Costituisce principio pacifico che l’interpretazione della domanda giudiziale e la qualificazione dell’oggetto ad essa correlato spettano al giudice di merito sulla scorta delle allegazioni di fatto dedotte dalla parte; pertanto, nella fattispecie, la Corte di appello di Milano, riconfermando la correttezza della ricostruzione operata dal giudice di primo grado, ha rilevato che, in base agli elementi che caratterizzavano la domanda formulata dal Comune di Gr. ed Un., con riferimento ai lamentati vizi di un’opera che l’avevano resa inidonea alla sua funzione ed utilizzazione e ai titoli di responsabilità che erano individuabili a carico dei progettisti e direttori dei lavori nonché della ditta esecutrice, la domanda era stata ritualmente ricondotta all’azione contemplata dall’art. 1669 c.c., senza che, perciò, non risultando operata alcuna sostituzione d’ufficio di una diversa azione rispetto a quella proposta, fosse stato violato il principio di cui all’art. 112 c.p.c.. Del resto, secondo la condivisibile giurisprudenza precedente di questa Corte (cfr. Cass. n. 7080 del 1995 e Cass. n. 7537 del 2004), il giudice del merito, nell’esercizio del potere di interpretazione e qualificazione della domanda, non è condizionato dalla formula adottata dalla parte, dovendo egli tenere conto piuttosto del contenuto sostanziale della pretesa desumibile dalla situazione dedotta in causa e delle eventuali precisazioni nel corso del giudizio nonché del provvedimento chiesto in concreto, senza altri limiti che quello di rispettare il principio della corrispondenza della pronuncia alla richiesta e di non sostituire d’ufficio una diversa azione a quella formalmente proposta. Pertanto, la domanda con la quale venga chiesta la condanna dell’appaltatore ed, eventualmente, anche del progettista e del direttore dei lavori (per condotte negligenti a loro imputabili) ad eliminare in vizi dell’opera, bene è qualificata dal giudice di merito quale domanda di risarcimento in forma specifica del danno da responsabilità extracontrattuale ex art. 1669 c.c. anziché quale richiesta di adempimento contrattuale ex art. 1667 c.c., allorché a suo fondamento siano dedotti difetti della costruzione così gravi da incidere sugli elementi essenziali dell’opera stessa, influendo sulla sua durata e compromettendone la conservazione (come verificatosi nel caso di specie).

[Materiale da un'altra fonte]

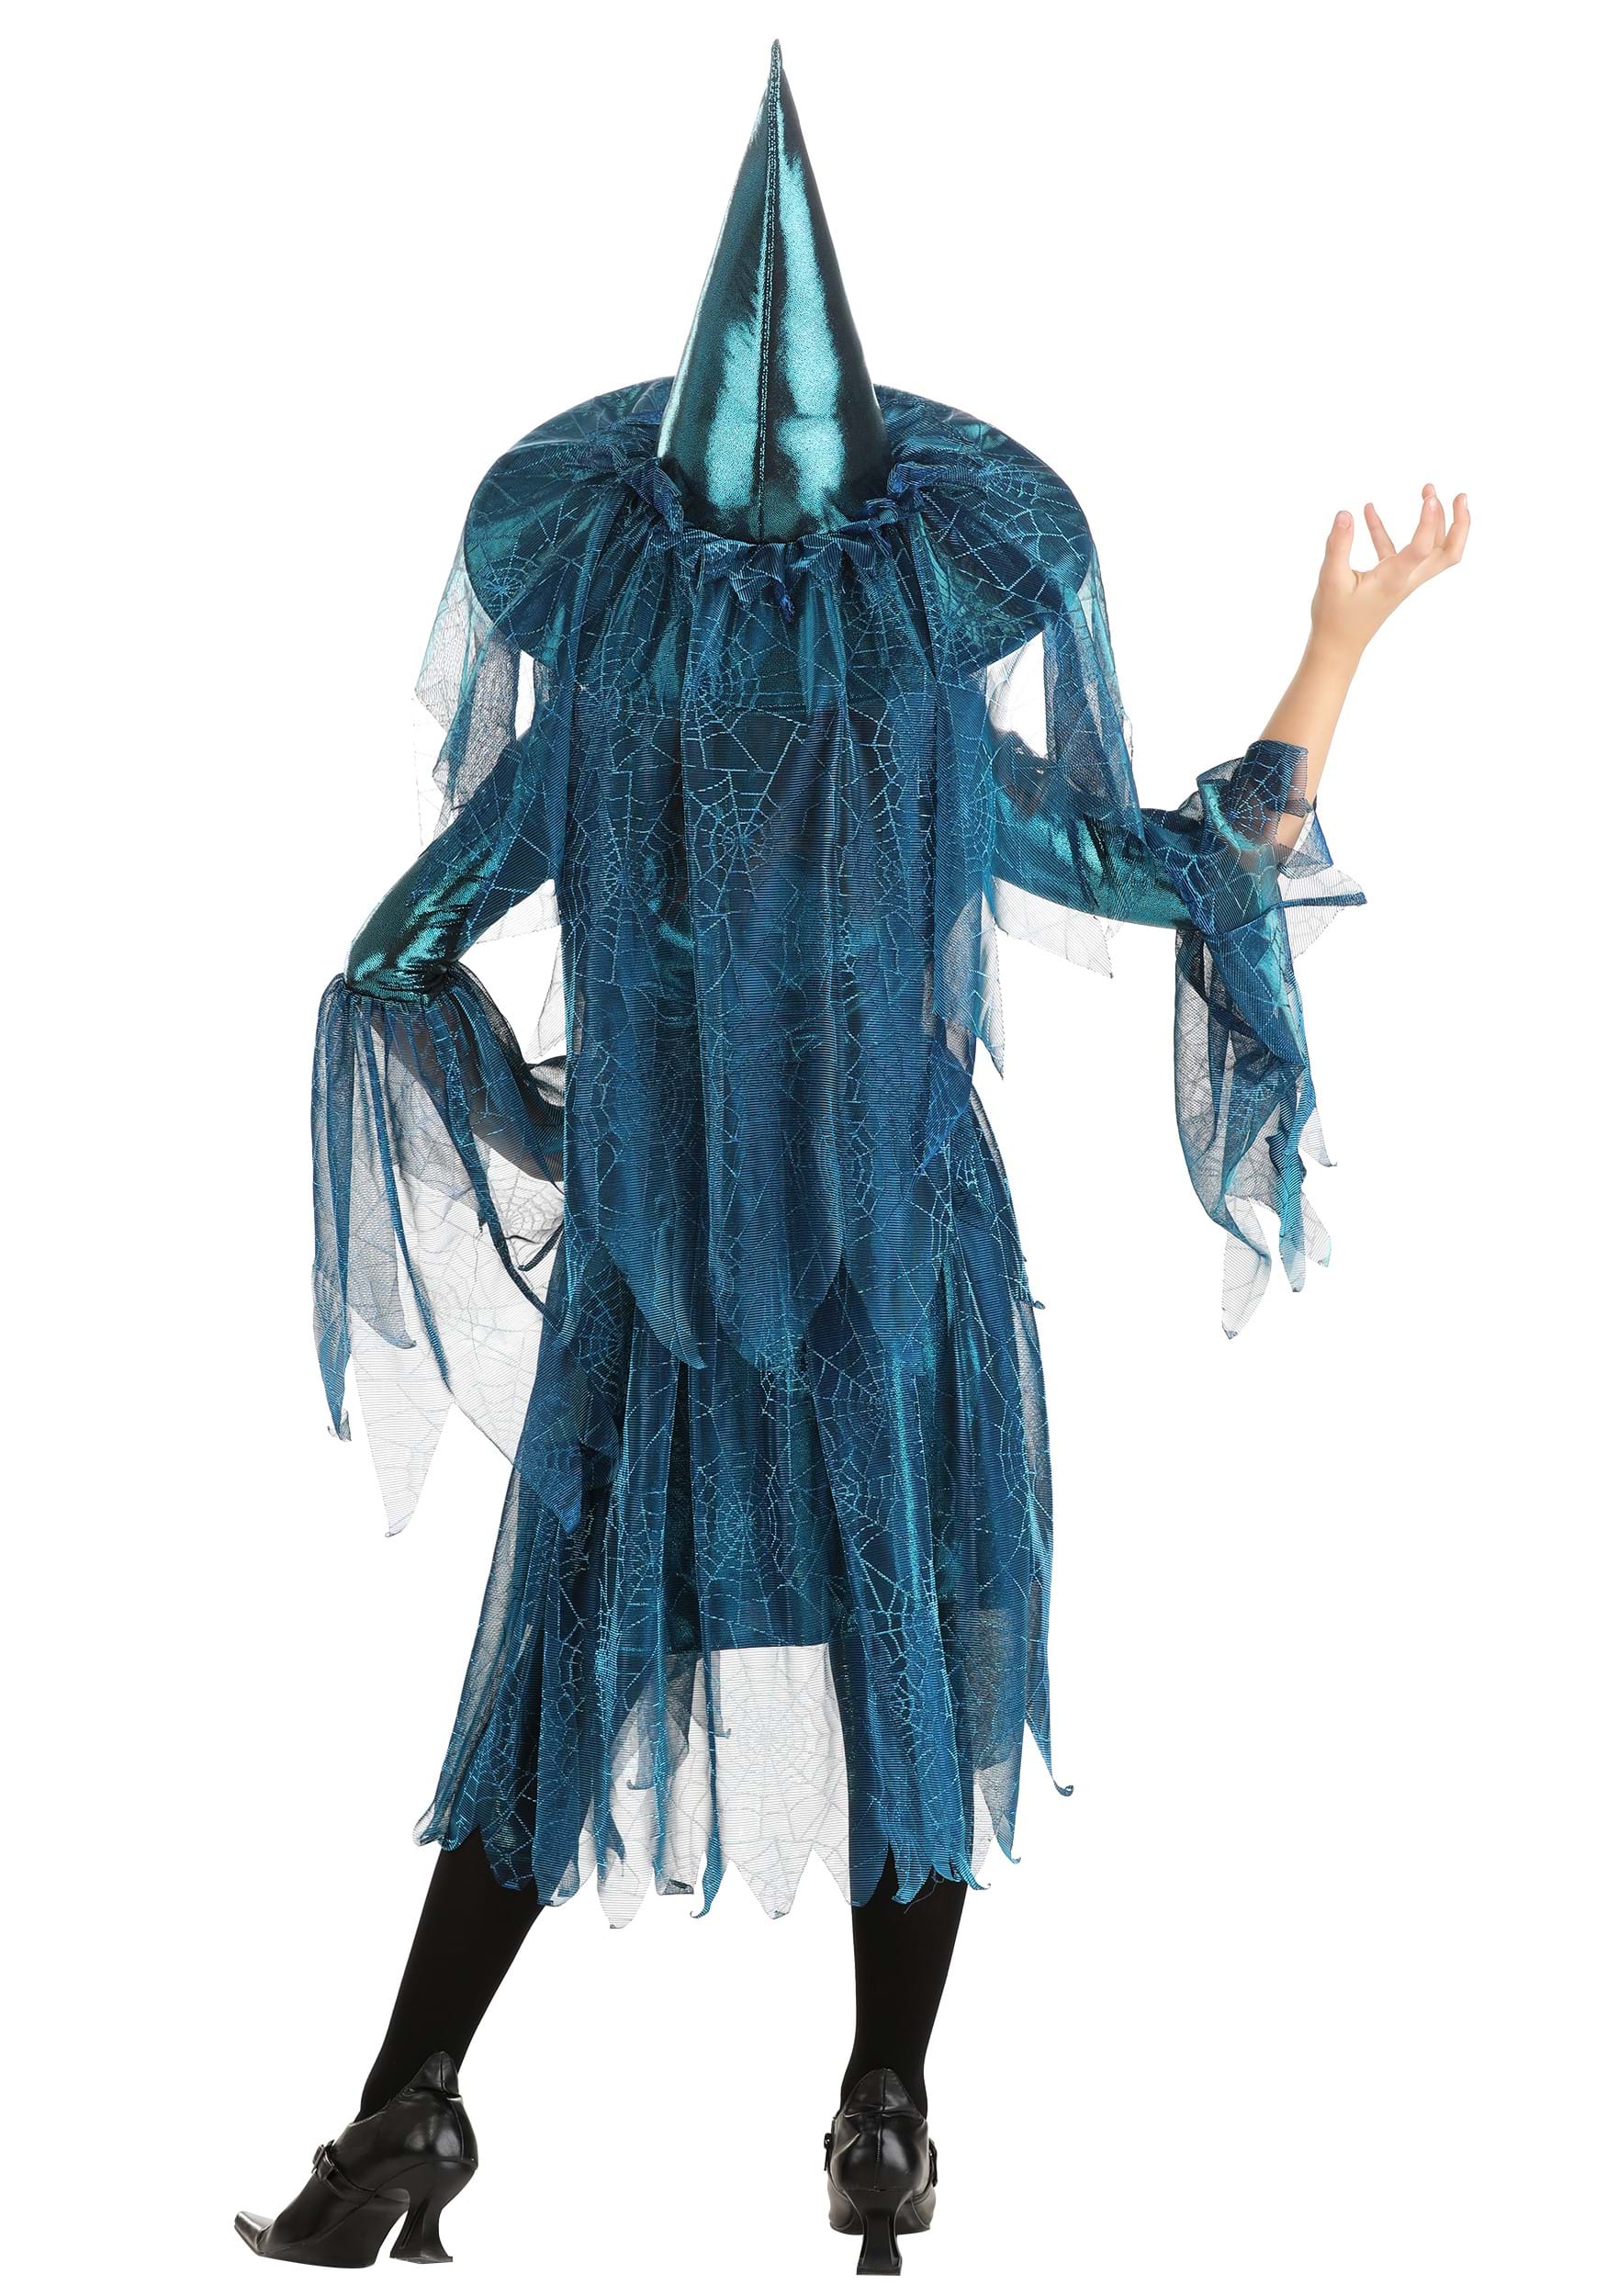 Moonlight Spider Witch Girl's Costume

2. Con il secondo motivo i ricorrenti hanno dedotto la violazione dell’art. 1669 c.c. nonché il vizio di omessa, insufficiente e contraddittoria motivazione circa la natura e la consistenza dei vizi e difetti denunciati con richiami a passaggi della relazione del c.t.u. In particolare, con tale doglianza, i due ricorrenti hanno contestato la riconducibilità dei vizi dedotti in giudizio nell’alveo dell’art. 1669 c.c., non afferendo essi ad elementi o porzioni rilevanti dell’immobile senza diminuirne le ordinarie possibilità di uso, essendosi sostanziati i lavori oggetto dell’appalto nell’esecuzione di opere di mero restauro conservativo di parti od elementi preesistenti dell’immobile, destinato a rimanere completamente inalterato nei suoi elementi essenziali.

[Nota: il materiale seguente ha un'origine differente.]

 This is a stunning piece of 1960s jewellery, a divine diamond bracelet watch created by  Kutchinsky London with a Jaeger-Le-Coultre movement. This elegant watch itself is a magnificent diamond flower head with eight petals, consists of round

2.1. Anche questo motivo è infondato e deve, quindi, essere rigettato. Deve, in primo luogo, ribadirsi che, pacificamente, al giudice di legittimità non è riconosciuto il potere di riesaminare l’intera vicenda processuale in relazione agli accertamenti di fatto acquisiti, bensì il solo potere di controllo, sotto il profilo della correttezza giuridica e della congruità sul piano della coerenza logica, delle argomentazioni svolte dal giudice di merito a sostegno della propria decisione, oltre che naturalmente in ordine all’esatta applicazione delle norme di diritto in relazione alla specifica fattispecie dedotta in giudizio (e con riferimento alle violazioni eventualmente rilevanti ai sensi dell’art. 360 c.p.c., comma 1, n. 3).

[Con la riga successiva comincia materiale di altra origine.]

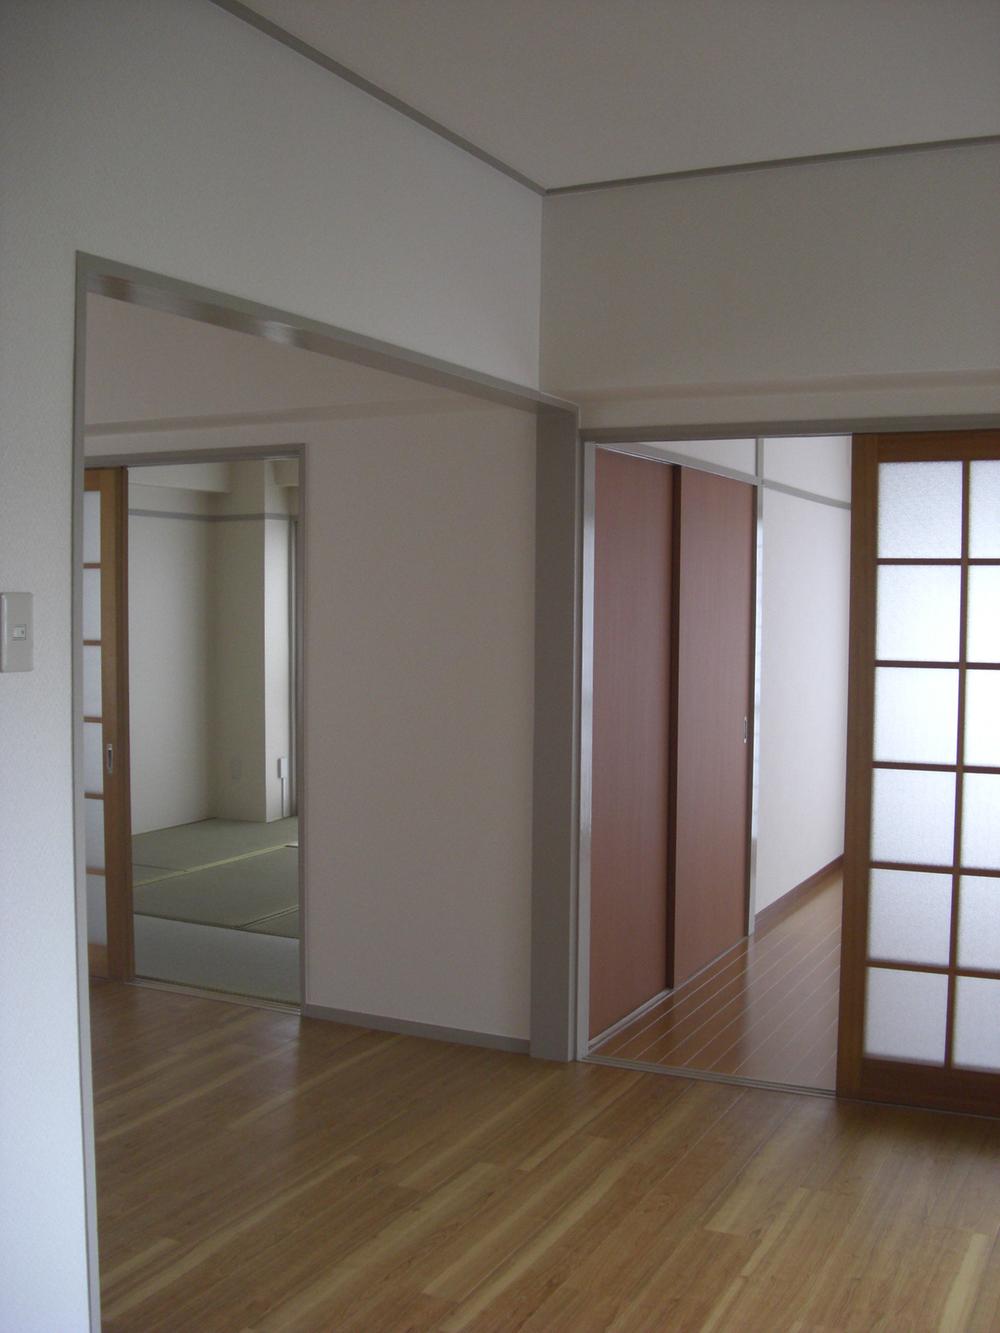 Non-living room. Western-style room from the kitchen ・ Japanese-style quarters (April 2013 shooting)

 Orbene, anche alla stregua di quanto rilevato con riguardo al primo motivo, deve evidenziarsi che, in tema di appalto, avente ad oggetto la costruzione o riparazione di edifici o di altre cose immobili destinate per loro natura a lunga durata, l’indagine volta a stabilire se i difetti costruttivi ricadano nella disciplina dell’art. 1669 c.c., che comporta la responsabilità extracontrattuale dell’appaltatore, ovvero in quella posta dagli artt. 1667 e 1668 c.c. in tema di garanzia per le difformità e i vizi dell’opera, rientra nei compiti propri del giudice del merito, coinvolgendo l’accertamento e la valutazione degli elementi di fatto del caso concreto. Al giudice di merito spetta, altresì, stabilire se le acquisizioni processuali sono sufficienti a formulare compiutamente il giudizio finale sulle caratteristiche dei difetti, dovendo egli, al riguardo, non limitarsi alla mera verifica della sussistenza del pericolo di crollo ovvero alla valutazione dell’incidenza dei medesimi sulle parti essenziali e strutturali dell’immobile, bensì accertare anche se, pur afferendo ad elementi secondari ed accessori, essi siano tali da incidere negativamente, pregiudicandoli in modo considerevole nel tempo, sulla funzionalità e sul godimento dell’immobile. Alla stregua di ciò, la Corte territoriale ha adeguatamente motivato il suo convincimento in ordine alla riconducibilità dei vizi denunziati alla previsione dell’art. 1669 c.c. e tanto sia dal punto di vista fattuale, con riferimento agli accertamenti tecnici acquisiti, sia sul piano giuridico, con corretto rinvio alla giurisprudenza di questa Corte (cfr., ad es., Cass. n. 21351 del 2005; Cass. n. 20307 del 2011 e, da ultimo, Cass. n. 84 del 2013), per la quale i gravi difetti di costruzione che danno luogo alla garanzia prevista dall’art. 1669 c.c. non si identificano con i (soli) fenomeni che influiscono sulla staticità, durata e conservazione dell’edificio ma possono consistere in qualsiasi alterazione che, pur riguardando direttamente una parte dell’opera, incidano sulla struttura e funzionalità globale, menomando in modo apprezzabile il godimento dell’opera medesima, come ad esempio si verifica nel caso di infiltrazioni di acqua e di umidità per difetto di idonea realizzazione della copertura dell’edificio.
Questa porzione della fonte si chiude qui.